(EXERCISE BRIEF) Wherever pictures appear in the listing below, leave them out, and copy exactly, and only, everything from the line with "George Strait song: Cowboys Like Us, lyrics" down to the line with "Greenery Baby Shower".

(PROVIDED RECORDS)

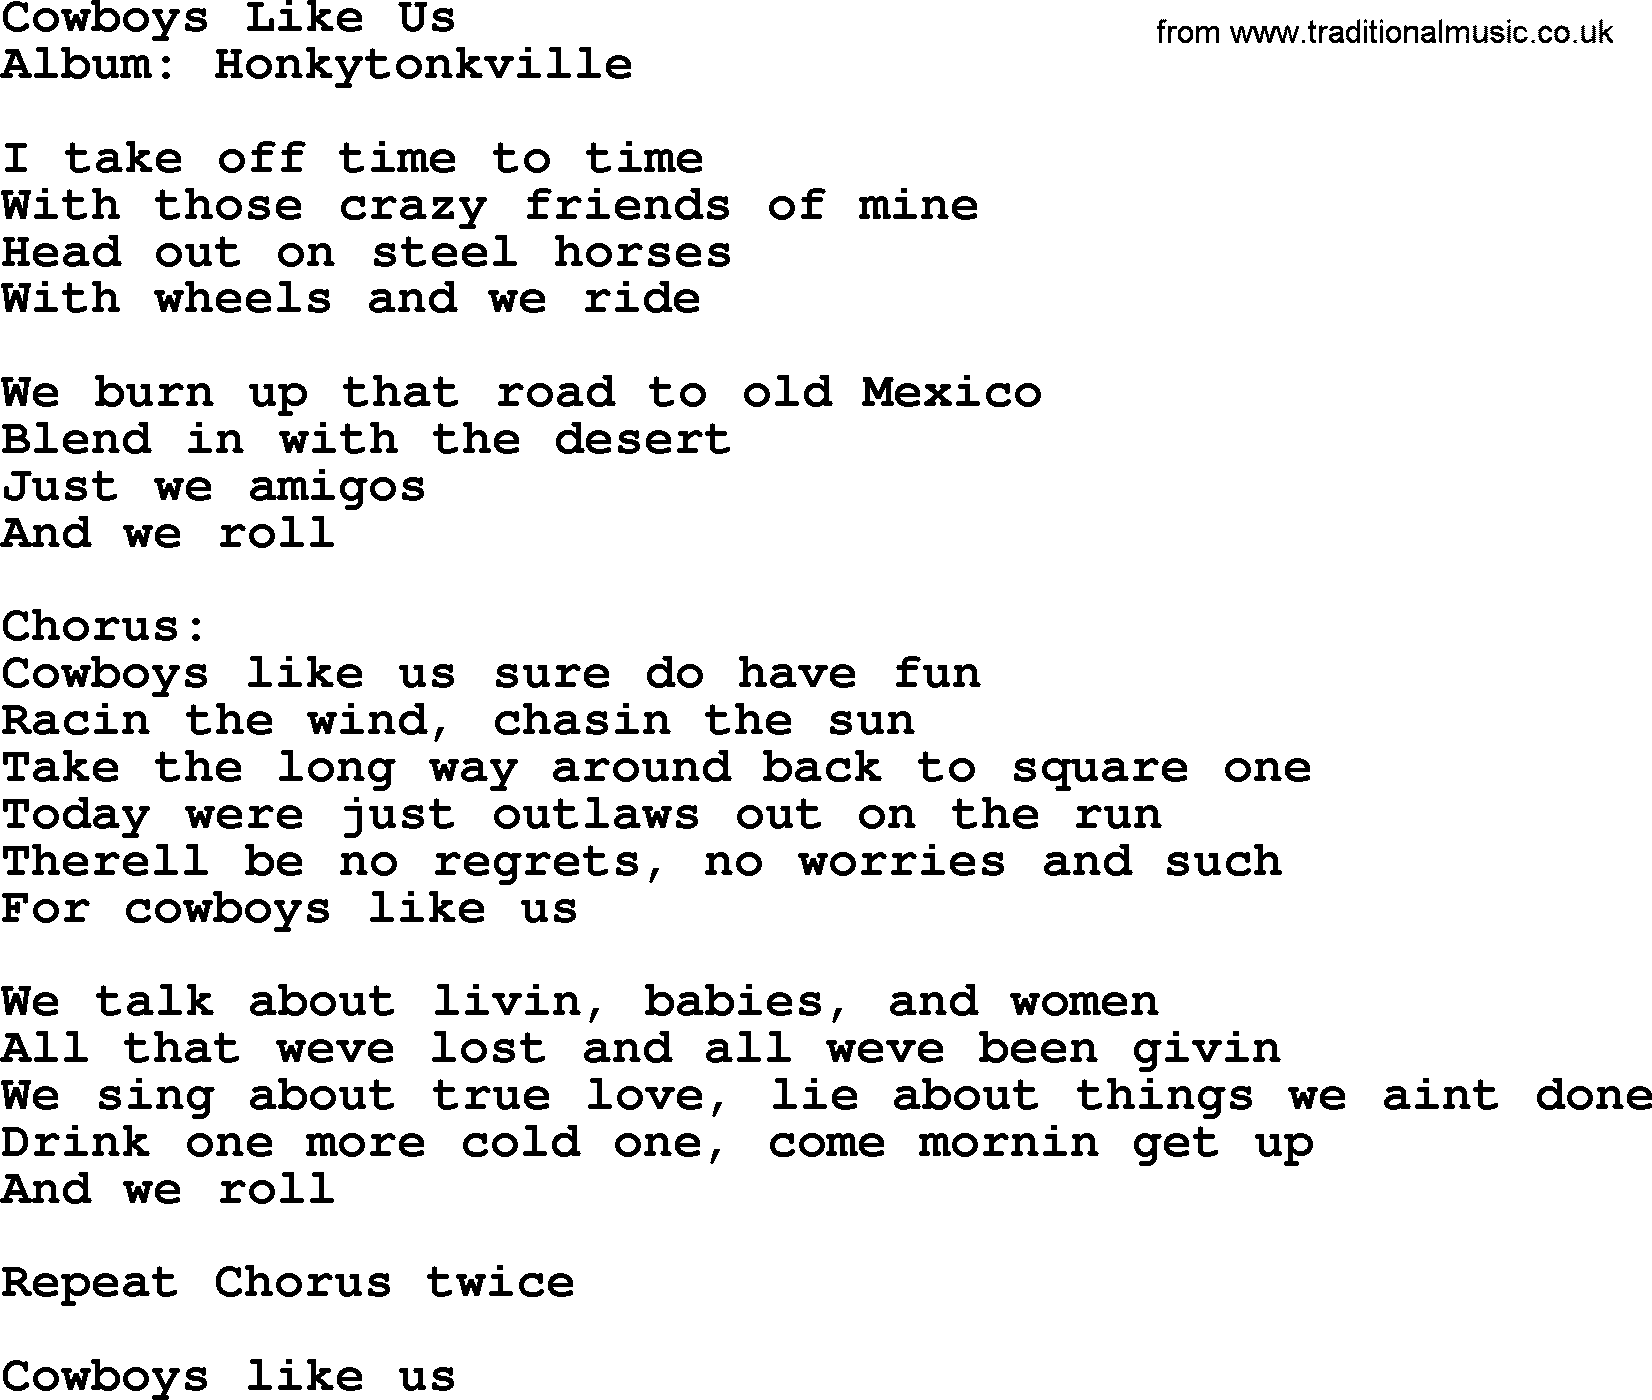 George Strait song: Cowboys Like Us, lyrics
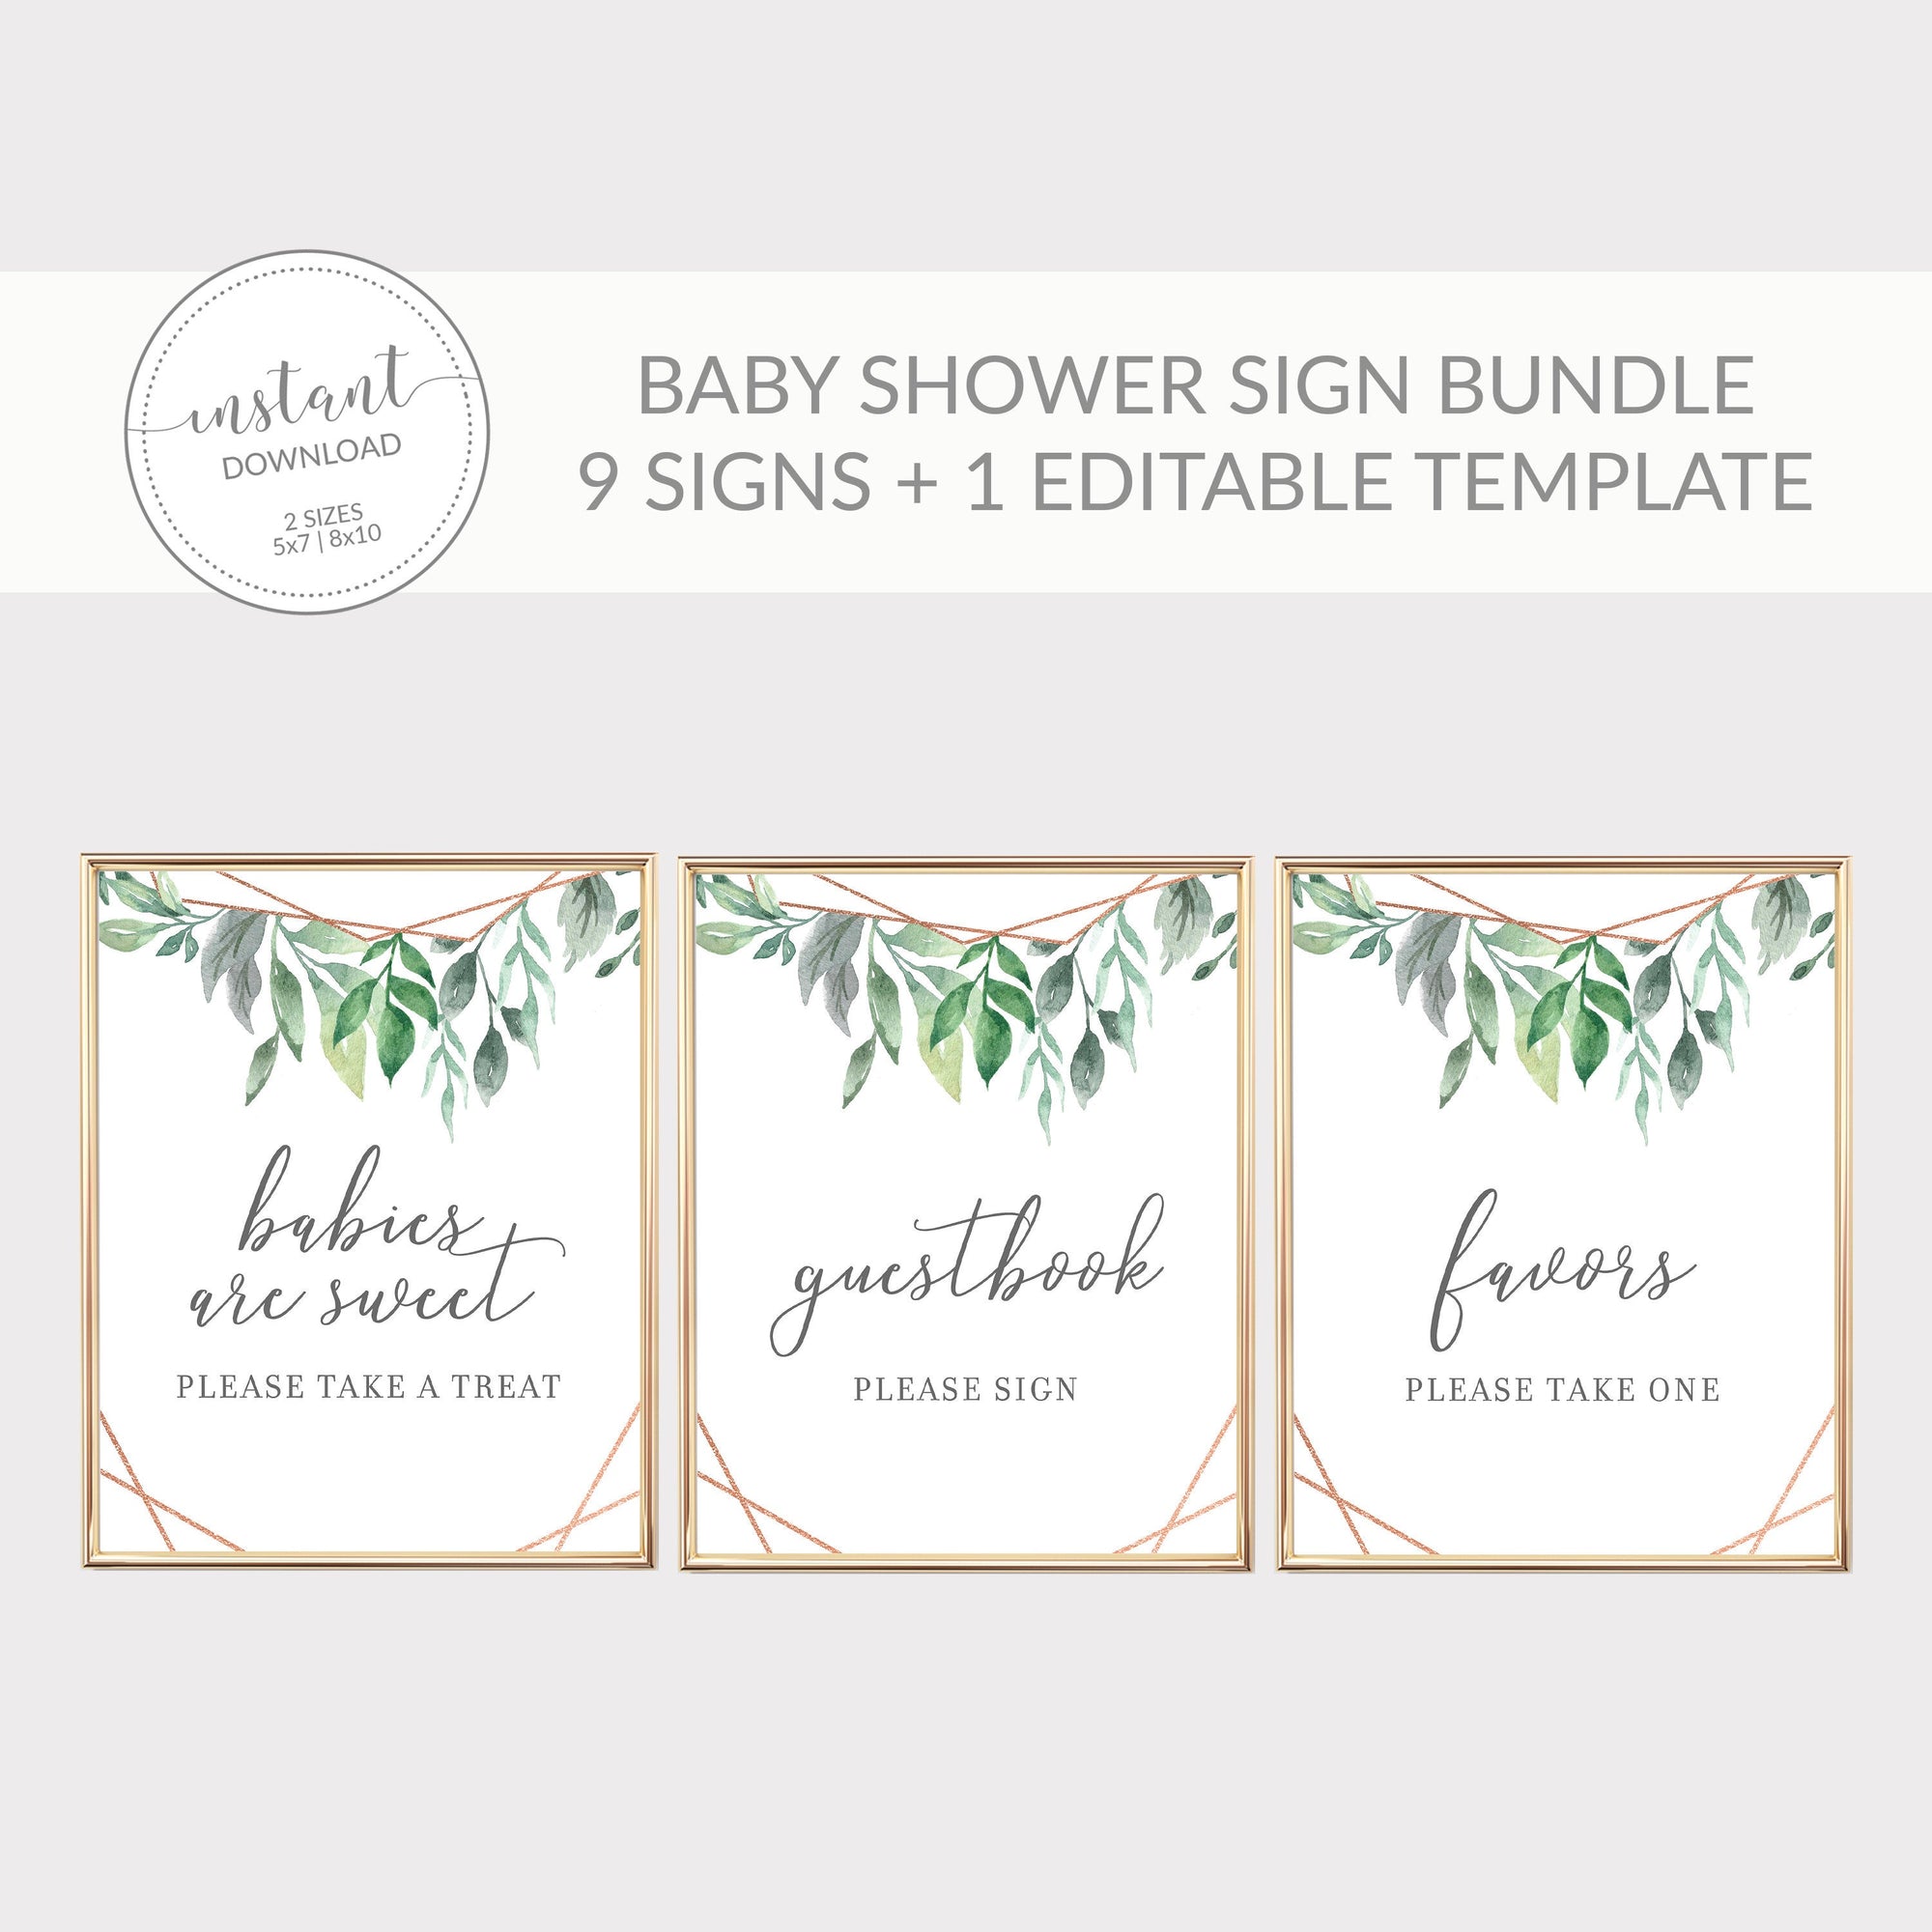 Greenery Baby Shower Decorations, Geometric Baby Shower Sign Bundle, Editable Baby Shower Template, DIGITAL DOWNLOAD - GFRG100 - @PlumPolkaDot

...

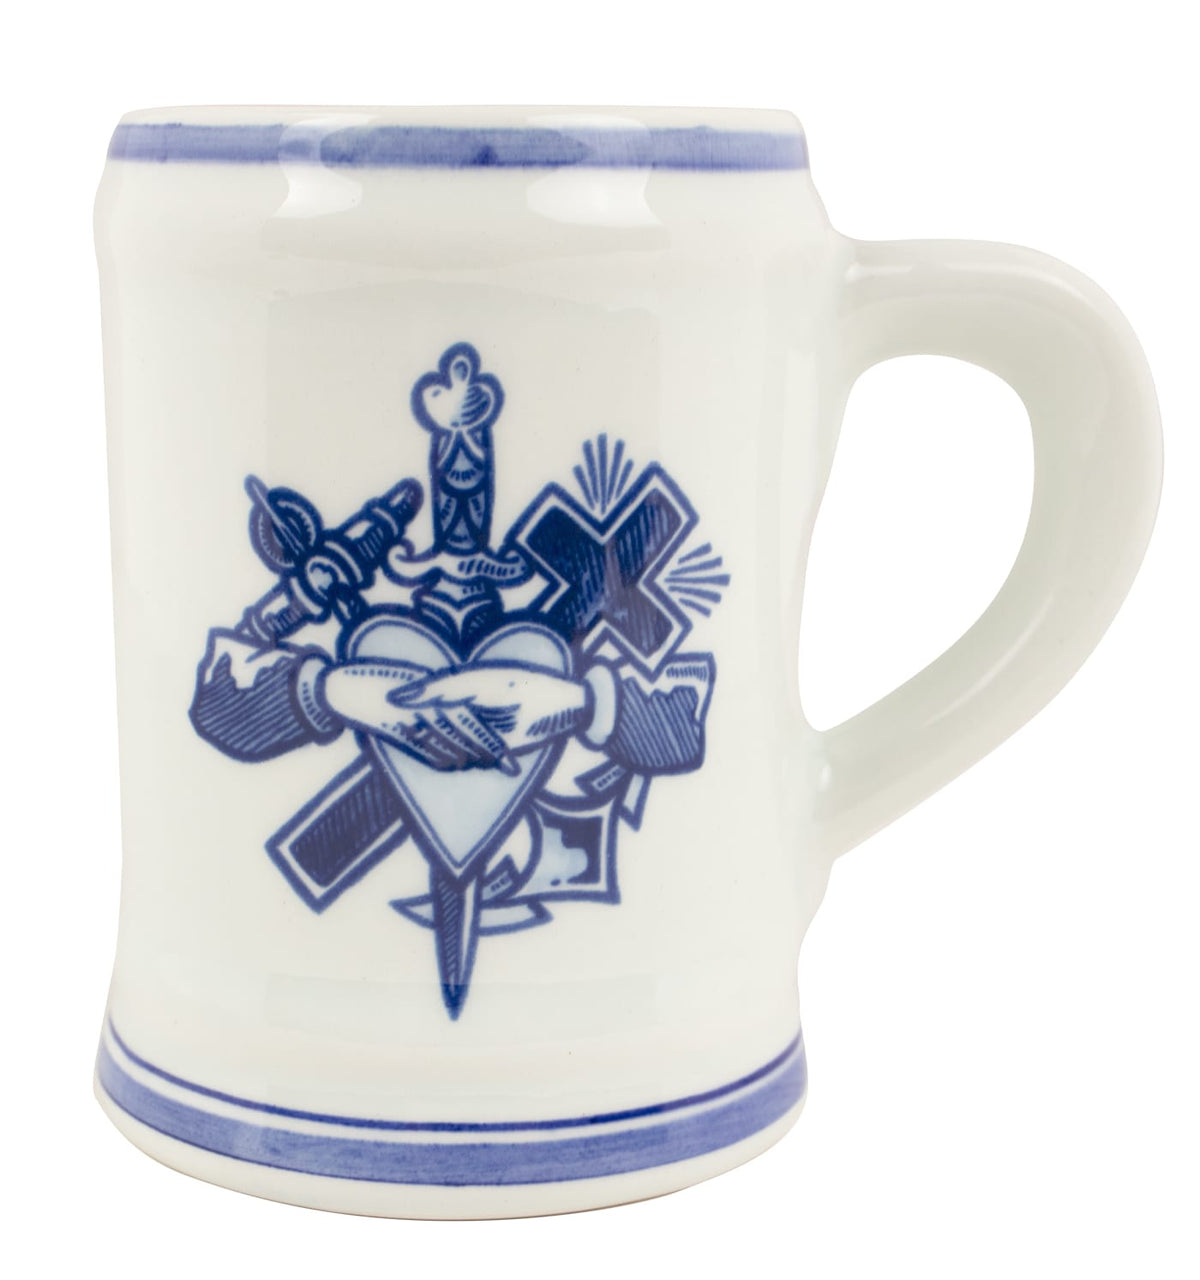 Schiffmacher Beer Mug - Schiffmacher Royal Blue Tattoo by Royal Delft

(TASK SOLUTION)
 George Strait song: Cowboys Like Us, lyrics
 Greenery Baby Shower Decorations, Geometric Baby Shower Sign Bundle, Editable Baby Shower Template, DIGITAL DOWNLOAD - GFRG100 - @PlumPolkaDot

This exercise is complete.